**Exercise data:**
::::::::

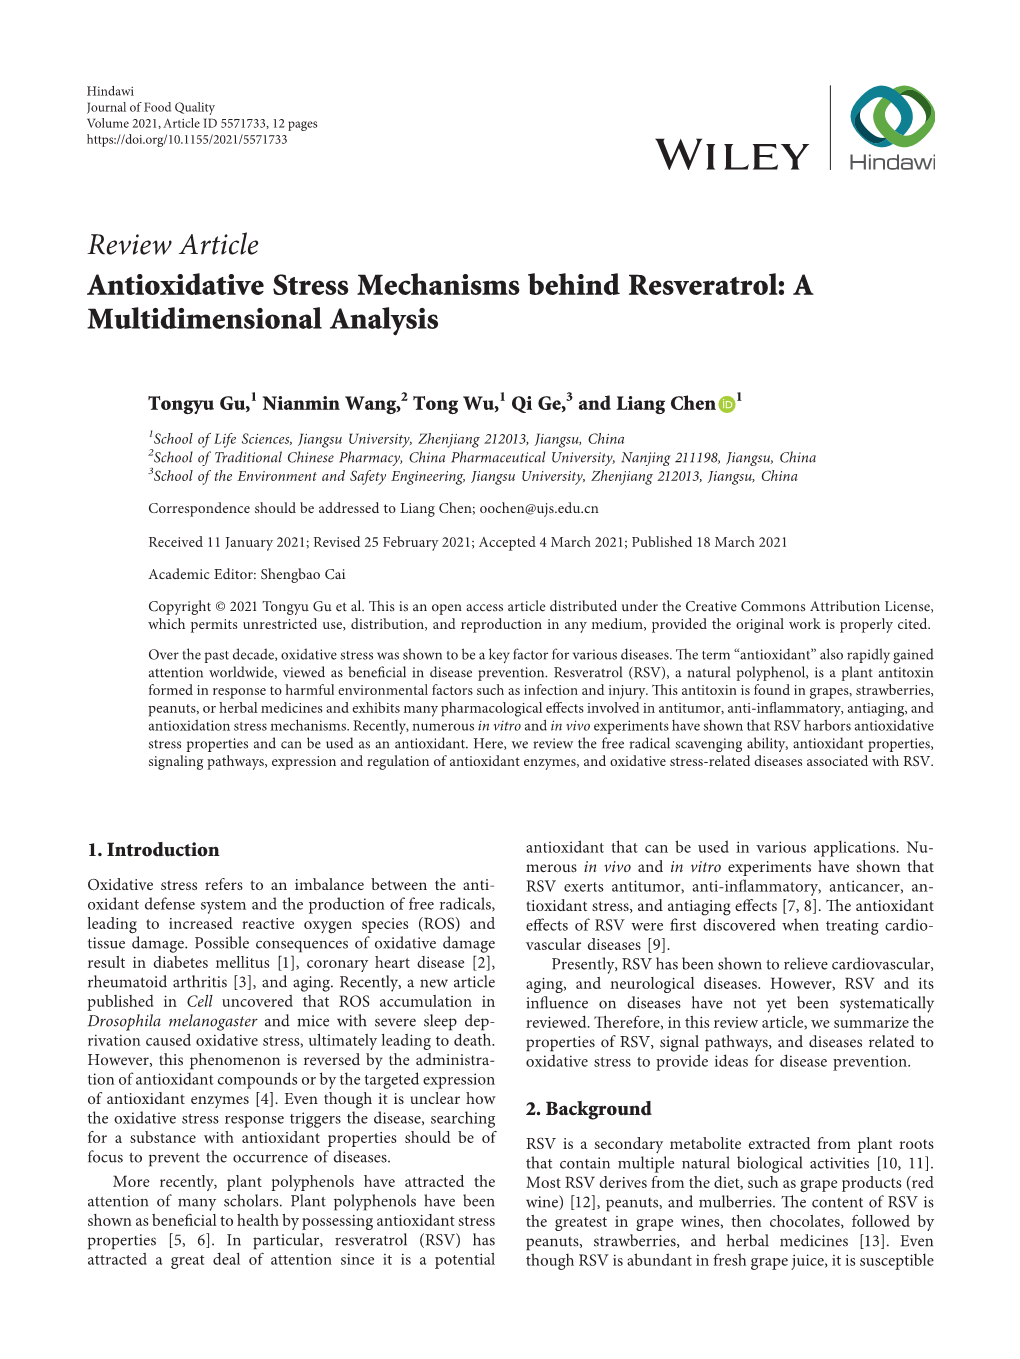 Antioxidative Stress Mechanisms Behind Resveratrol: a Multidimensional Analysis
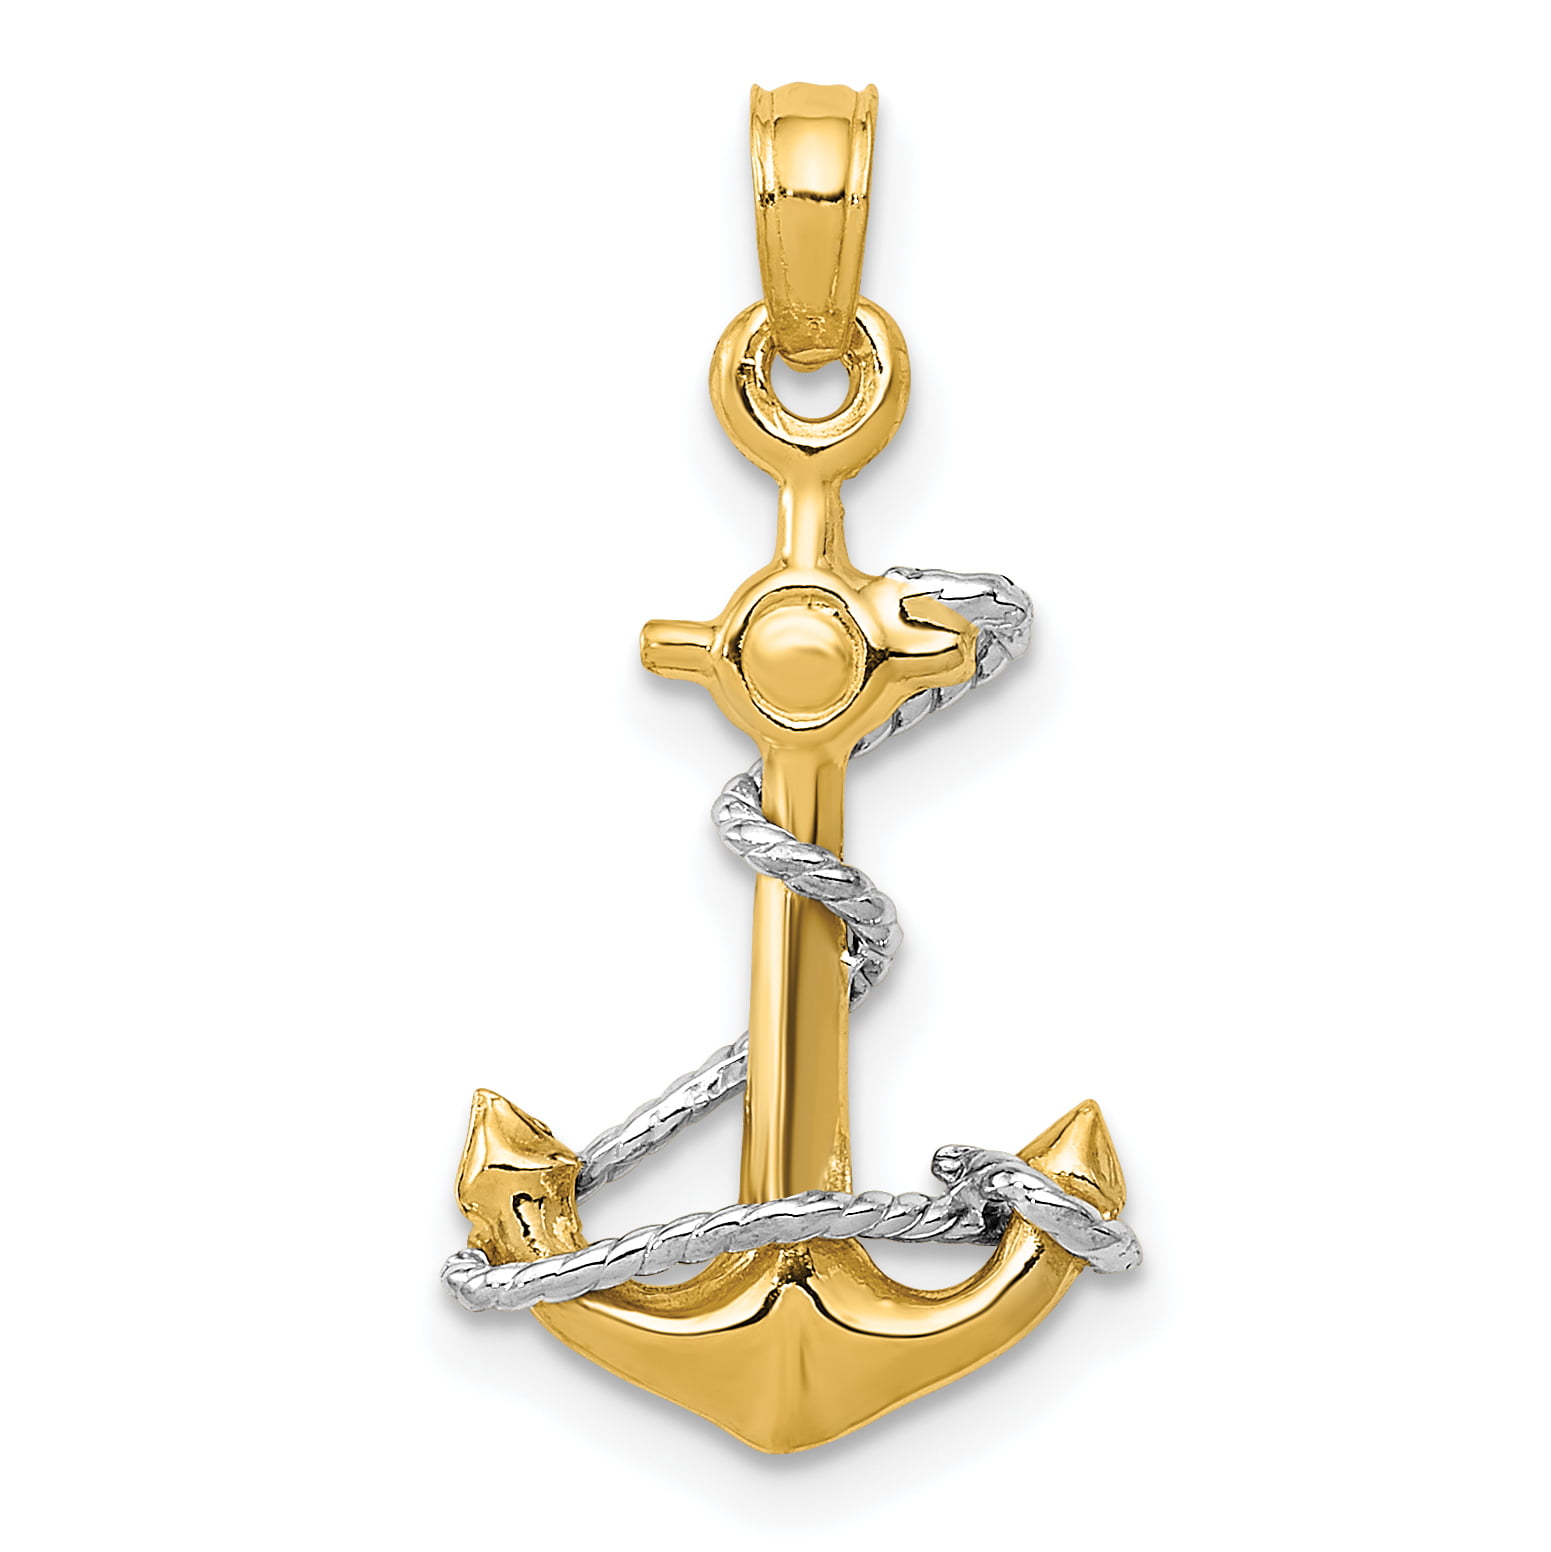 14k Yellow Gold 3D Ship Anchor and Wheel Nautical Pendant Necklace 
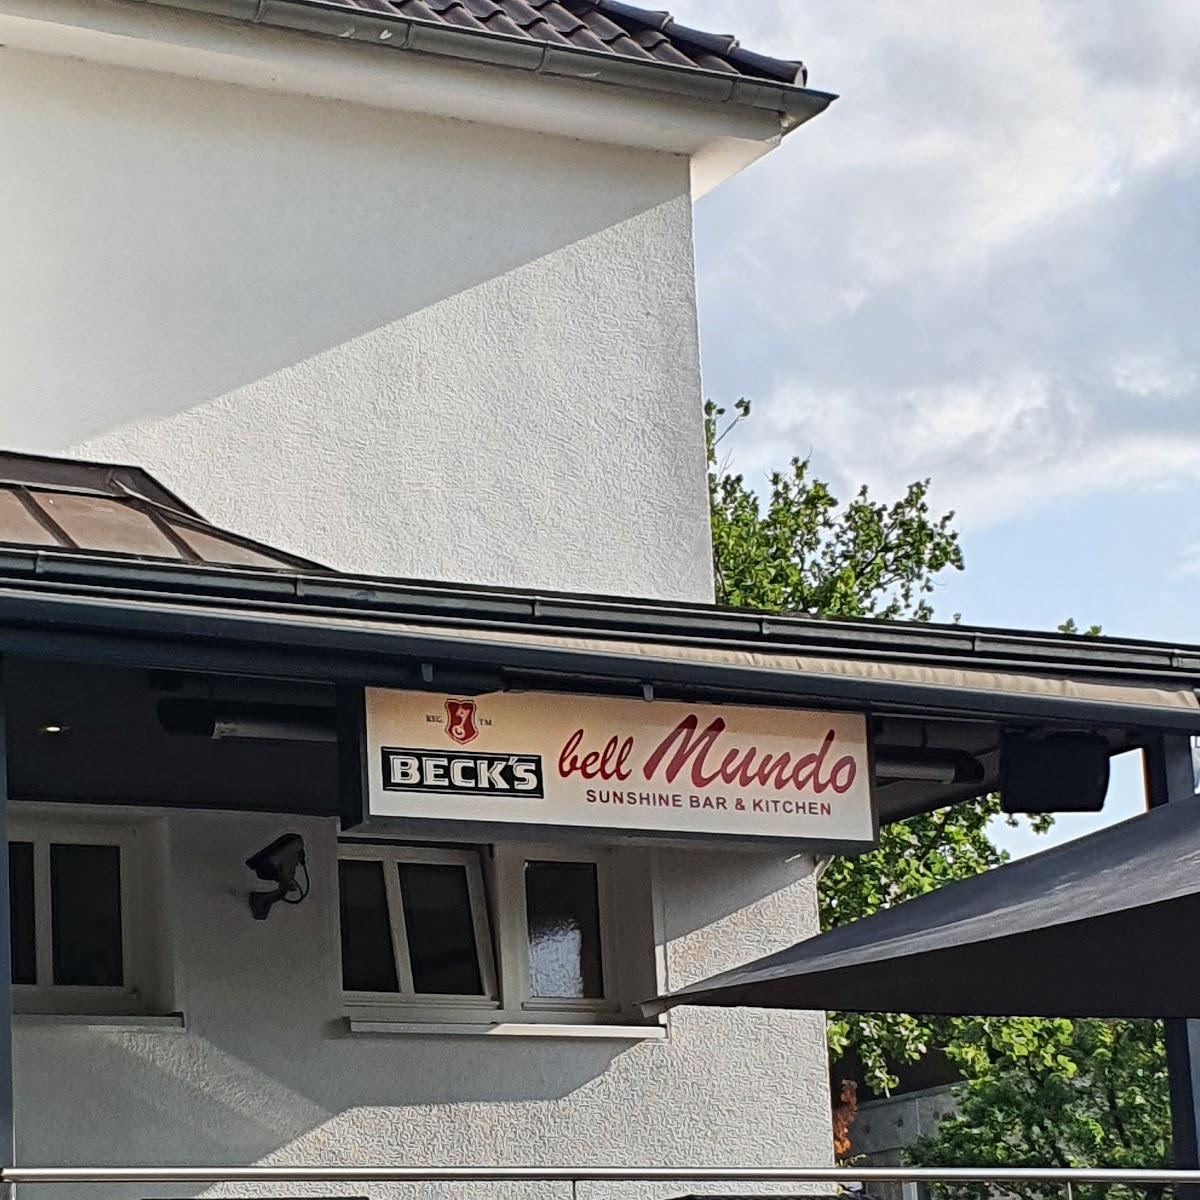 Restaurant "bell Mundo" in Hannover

::::::::

**Work to be completed:**
Repeat the listing in full and exactly. Leave any pictures out.

**Your response:**
 Antioxidative Stress Mechanisms Behind Resveratrol: a Multidimensional Analysis
 14k Yellow Gold 3D Ship Anchor and Wheel Nautical Pendant Necklace 
 Restaurant "bell Mundo" in Hannover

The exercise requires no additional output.